He had also discovered a fragment of a pillar formerly in the
possession of the Duc de Choiseul, which exhibited the character for
a month, followed by several various groups, together with different
numbers, evidently indicative of days; so that to the names of the
three months, which I had discovered, he was enabled to add at least
four more, though without completely ascertaining to which of the
months these new symbols belonged.

Mr. Champollion had ascertained, in the third place, the analogy of one
of the manuscripts, purchased of Casati, to the enchorial inscription
of Rosetta, and he had obtained from it, without difficulty, the mode
of writing the name Cleopatra in that character. He did not, however,
then mention to me the important consequences which he had derived from
this discovery; these, it seems, were the subject of a short paper read
to the Academy the succeeding Friday; and it will be proper to extract
a more particular account of them, from his Letter to Mr. Dacier, since
printed; in which I did certainly expect to find the chronology of my
own researches a little mere distinctly stated.
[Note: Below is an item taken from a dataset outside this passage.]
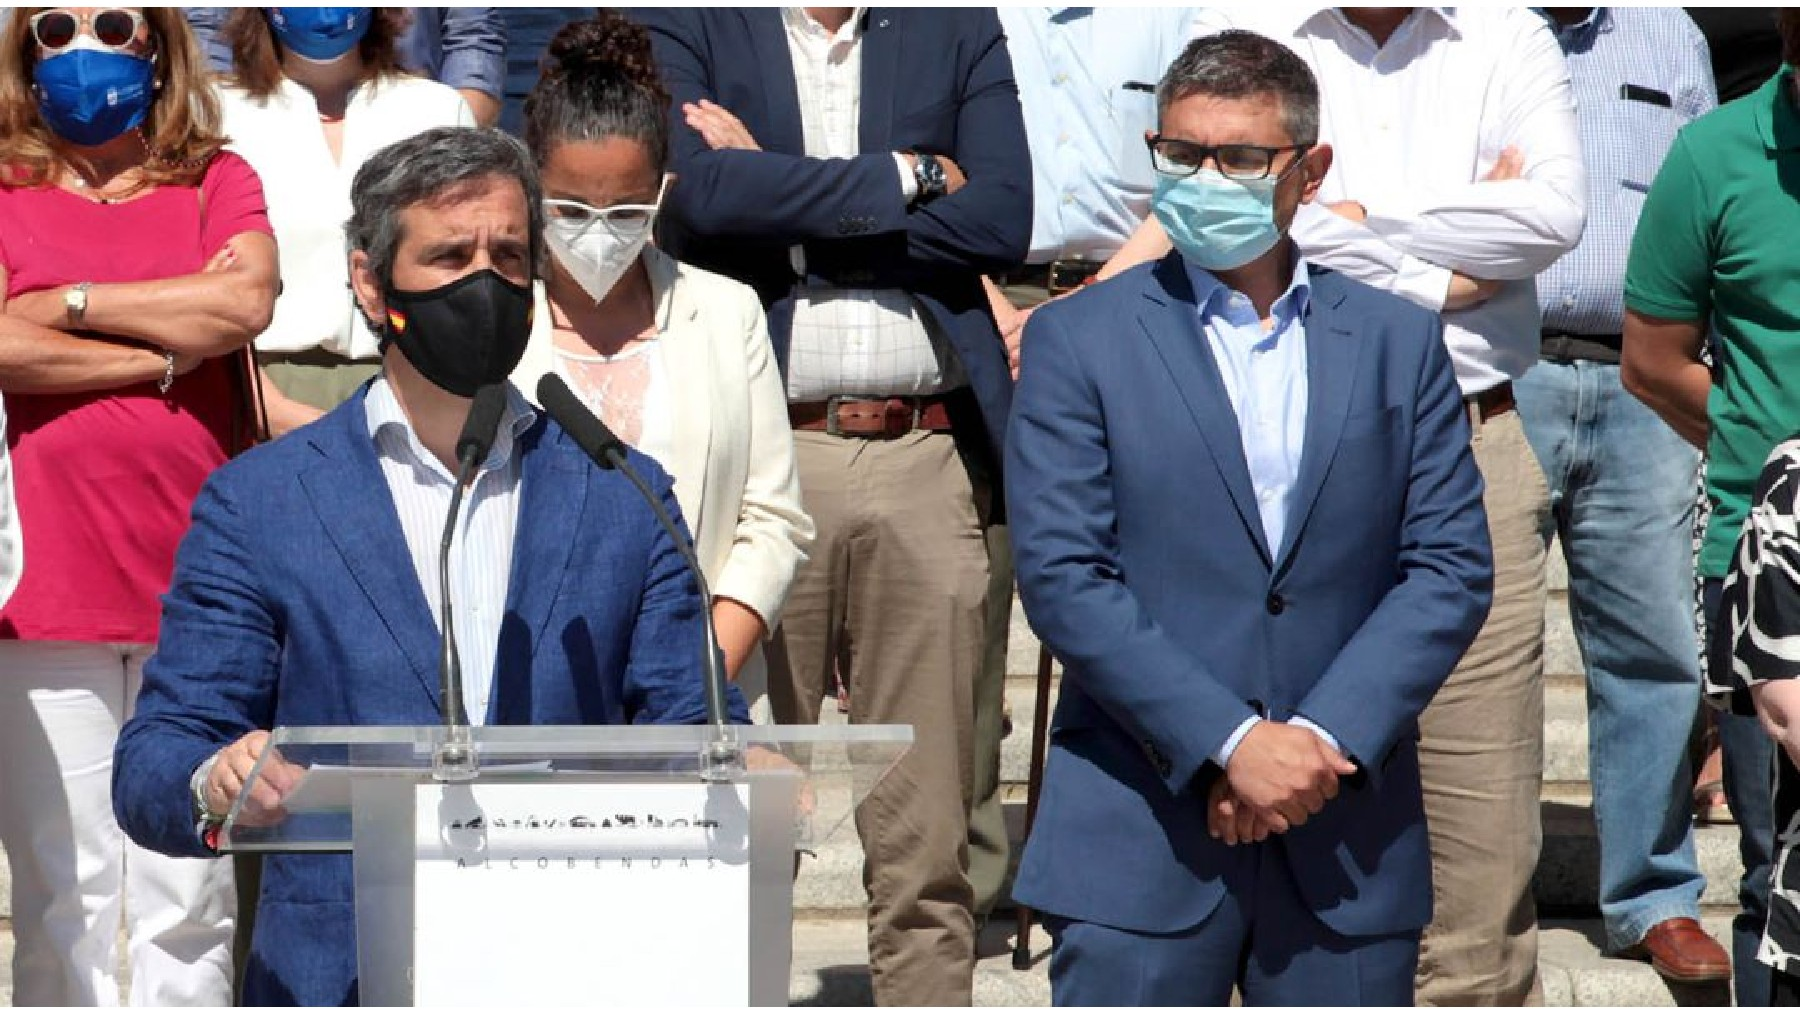 El vicealcalde de Alcobendas, Aitor Retolaza, y el alcalde, Rafael Sánchez Acera. (Foto: Ayto. Alcobendas)
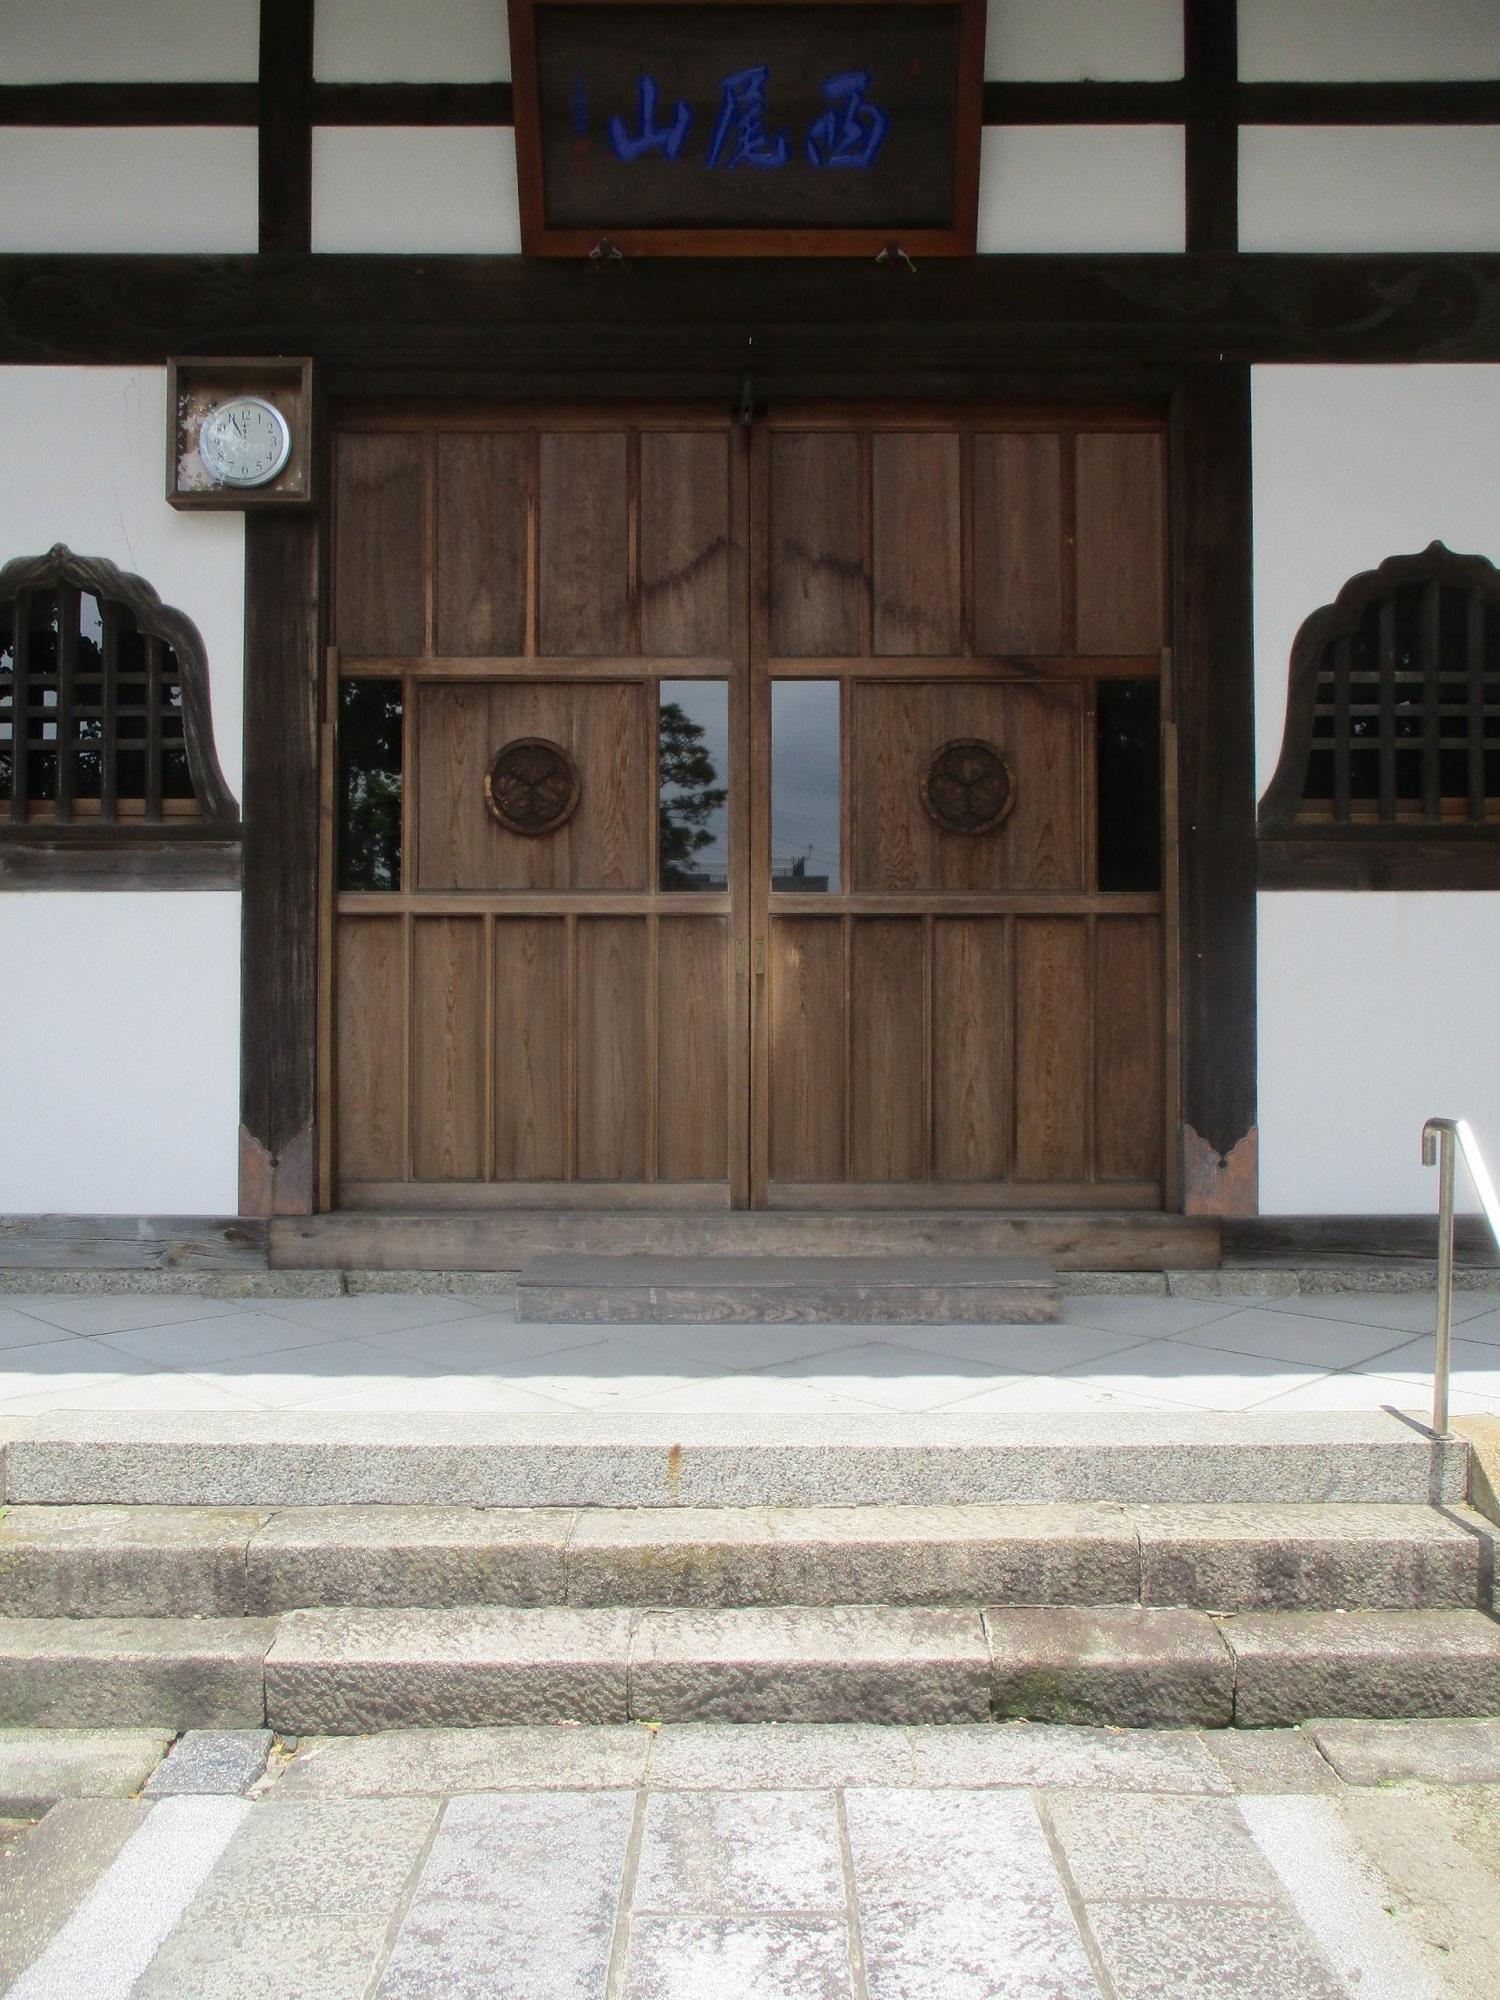 2020.5.21 (12) 康全寺 - 本堂いりぐち 1500-2000

“The hieroglyphical text of the inscription of Rosetta,” he observes,
(p. 6), “exhibited, on account of its fractures, _only the name
of Ptolemy_. The obelisc found in the Isle of Philae, and lately
removed to London, contains also the hieroglyphical name of _one
of the Ptolemies_, expressed by the same characters that occur in
the inscription of Rosetta, surrounded by a ring or border, and it
is followed by a second border, which must necessarily contain the
proper name of a woman, and of a queen of the family of the Lagidae,
since this group is terminated by the hieroglyphics expressive of the
_feminine_ gender; characters which are found at the end of the names
of all the Egyptian goddesses without exception. The obelisc was fixed,
it is said, to a basis bearing a Greek inscription, which is a petition
of the priests of Isis at Philae, addressed to King Ptolemy, to
Cleopatra his sister, and to Cleopatra his wife. Now, if this obelisc,
and the hieroglyphical inscription engraved on it, were the result of
this petition, which in fact adverts to the consecration of a monument
of the kind, the border, with the feminine proper name, can only be
that of one of the Cleopatras. This name, and that of Ptolemy, which
in the Greek have several letters in common, were capable of being
employed for a comparison of the hieroglyphical characters composing
them; and if the similar characters in these names expressed in both
the same sounds, it followed that their nature must be entirely
phonetic.”

This course of investigation appears, indeed, to be so simple and so
natural, that the reader must naturally be inclined to forget that any
preliminary steps were required: and to take it for granted, either
that it had long been known and admitted, that the rings on the pillar
of Rosetta contained the name of Ptolemy, and that the semicircle and
the oval constituted the female termination, or that Mr. Champollion
himself had been the author of these discoveries.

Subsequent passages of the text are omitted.